WHAT TO PRODUCE:
For each line of the listing that includes the word "Sport", show the whole line.

RECORDED INFORMATION:
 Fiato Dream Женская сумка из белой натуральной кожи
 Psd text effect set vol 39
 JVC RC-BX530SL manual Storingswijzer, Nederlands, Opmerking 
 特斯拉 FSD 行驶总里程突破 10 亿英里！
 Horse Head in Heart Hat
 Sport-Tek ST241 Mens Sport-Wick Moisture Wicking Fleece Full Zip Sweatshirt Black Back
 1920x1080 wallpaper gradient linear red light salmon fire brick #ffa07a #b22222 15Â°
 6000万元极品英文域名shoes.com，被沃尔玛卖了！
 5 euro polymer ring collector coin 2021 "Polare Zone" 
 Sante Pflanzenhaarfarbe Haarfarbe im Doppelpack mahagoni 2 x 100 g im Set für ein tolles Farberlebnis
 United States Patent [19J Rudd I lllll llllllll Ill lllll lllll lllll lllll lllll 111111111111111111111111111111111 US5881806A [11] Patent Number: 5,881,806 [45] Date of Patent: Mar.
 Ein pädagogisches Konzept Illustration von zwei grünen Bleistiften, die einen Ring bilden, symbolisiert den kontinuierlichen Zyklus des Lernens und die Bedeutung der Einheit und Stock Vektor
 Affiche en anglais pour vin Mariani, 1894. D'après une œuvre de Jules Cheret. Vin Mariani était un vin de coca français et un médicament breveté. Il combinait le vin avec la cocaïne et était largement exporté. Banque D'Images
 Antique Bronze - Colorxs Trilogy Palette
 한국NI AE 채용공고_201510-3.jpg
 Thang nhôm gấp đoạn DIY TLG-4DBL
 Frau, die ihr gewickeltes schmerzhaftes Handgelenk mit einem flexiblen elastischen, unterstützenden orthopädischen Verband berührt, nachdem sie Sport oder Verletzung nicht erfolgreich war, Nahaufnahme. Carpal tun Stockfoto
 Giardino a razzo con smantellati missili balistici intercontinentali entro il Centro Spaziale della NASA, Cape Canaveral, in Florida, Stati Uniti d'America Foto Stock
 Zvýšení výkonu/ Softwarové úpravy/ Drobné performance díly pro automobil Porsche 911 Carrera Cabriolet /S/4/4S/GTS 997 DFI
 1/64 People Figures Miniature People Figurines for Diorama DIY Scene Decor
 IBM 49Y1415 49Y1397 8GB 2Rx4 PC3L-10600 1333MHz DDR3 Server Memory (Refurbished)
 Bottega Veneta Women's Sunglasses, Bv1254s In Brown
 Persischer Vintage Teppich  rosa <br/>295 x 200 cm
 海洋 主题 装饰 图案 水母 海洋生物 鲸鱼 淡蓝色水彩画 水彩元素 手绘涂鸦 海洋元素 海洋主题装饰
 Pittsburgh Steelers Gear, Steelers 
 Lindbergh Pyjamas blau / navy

THE ANSWER:
 Sport-Tek ST241 Mens Sport-Wick Moisture Wicking Fleece Full Zip Sweatshirt Black Back
 Frau, die ihr gewickeltes schmerzhaftes Handgelenk mit einem flexiblen elastischen, unterstützenden orthopädischen Verband berührt, nachdem sie Sport oder Verletzung nicht erfolgreich war, Nahaufnahme. Carpal tun Stockfoto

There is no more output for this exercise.